Saturday, February 27, 2010

Blood Simple



The world is full o' complainers. An' the fact is, nothin' comes with a guarantee. Now I don't care if you're the pope of Rome, President of the United States or Man of the Year; somethin' can all go wrong. Now go on ahead, y'know, complain, tell your problems to your neighbor, ask for help, 'n watch him fly. Now, in Russia, they got it mapped out so that everyone pulls for everyone else... that's the theory, anyway. But what I know about is Texas, an' down here... you're on your own.

When I watch Blood Simple (1984), I always think of a later Coen Brothers thriller, No Country For Old Men (2007), and not just because the two are set in Texas.

I catch myself wanting to put the two films on a timeline to show how the Coen Brothers' world view has changed over the years, and there are plenty of comparisons and contrasts to be made in support of that, but I see the two films differently.

If Blood Simple is how the Coens saw a country of men and women in moral decline in 1984, then is No Country For Old Men a reflection of where we are some two decades later? Maybe.

But No Country For Old Men is set in 1980. The more violent, more suspenseful, more frightening of the two films...is actually set earlier.

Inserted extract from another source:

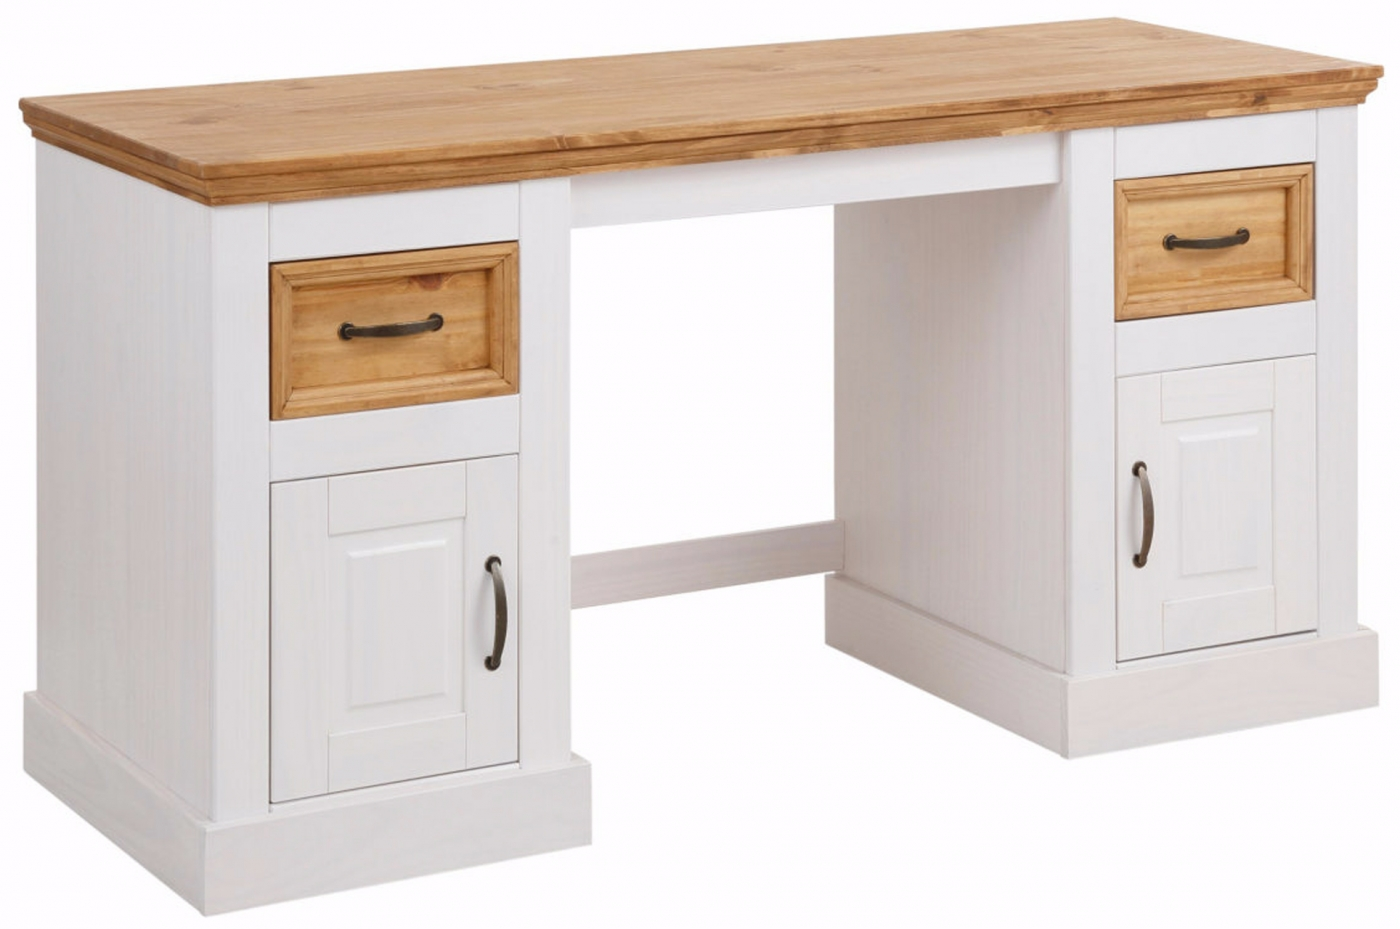 Pracovní stůl Yvet, 150 cm, bílá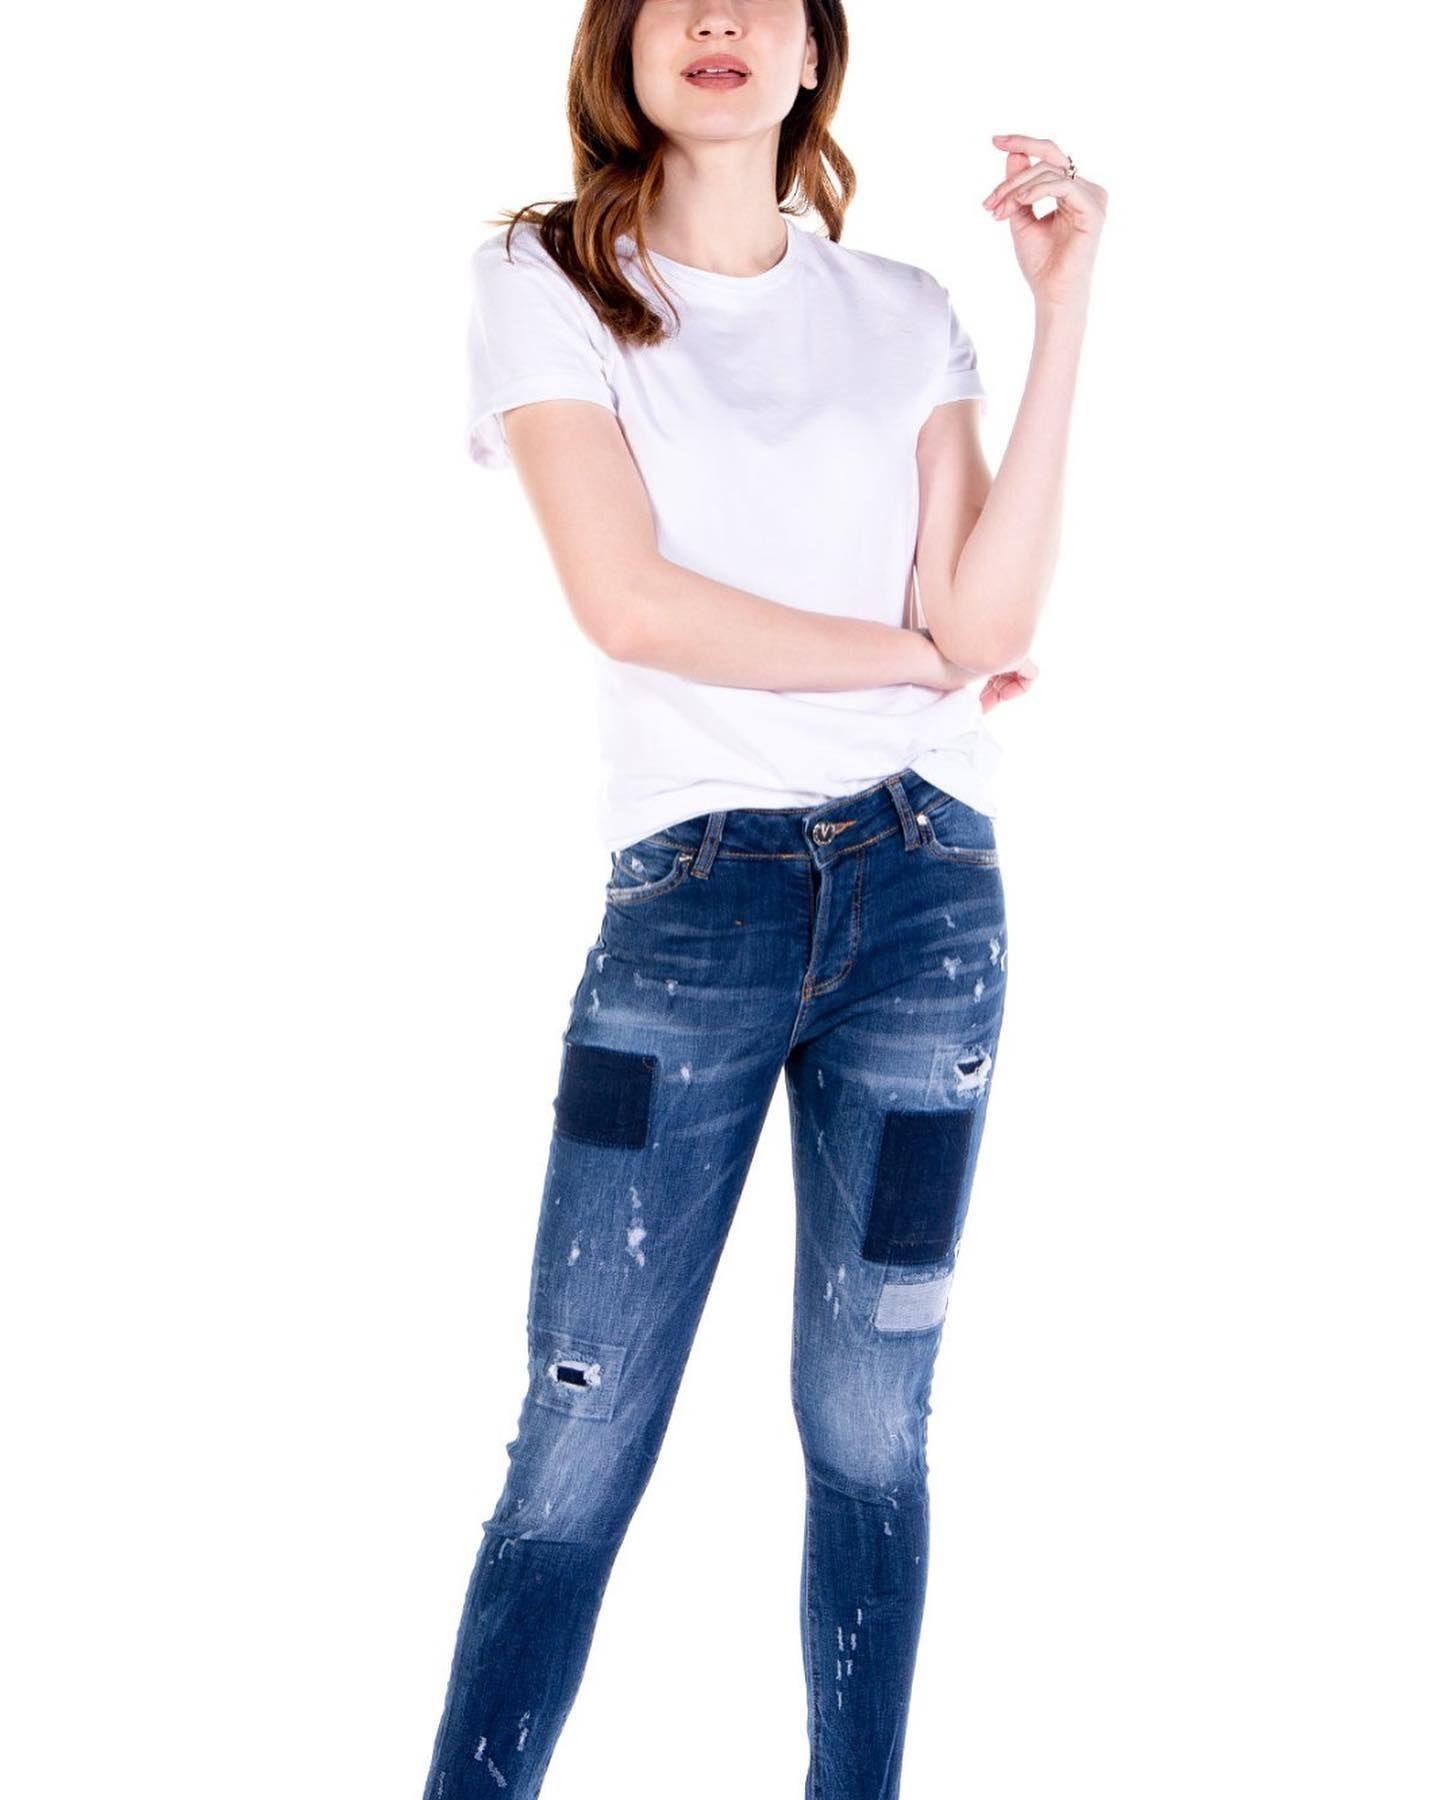 Yuksek Bel Dar Paca Sokuk Detay Kot Pantolon Urun Kodu Vkng71801 Urun Fiyati 129 95 Vikingjeans Vikingjeanswoman Trendyol 2020 Moda Shopping Trendler

Men and women were capable of worse than what the Coens depict in Blood Simple, which sort of feels like "No Country Lite."

I'm not saying Blood Simple is a bad film by any measure — but No Country is a more vivid depiction of our moral decay.

The Coens remind us again and again: This is the world, and this is what people are capable of doing, and though we try to convince ourselves otherwise, we are on our own.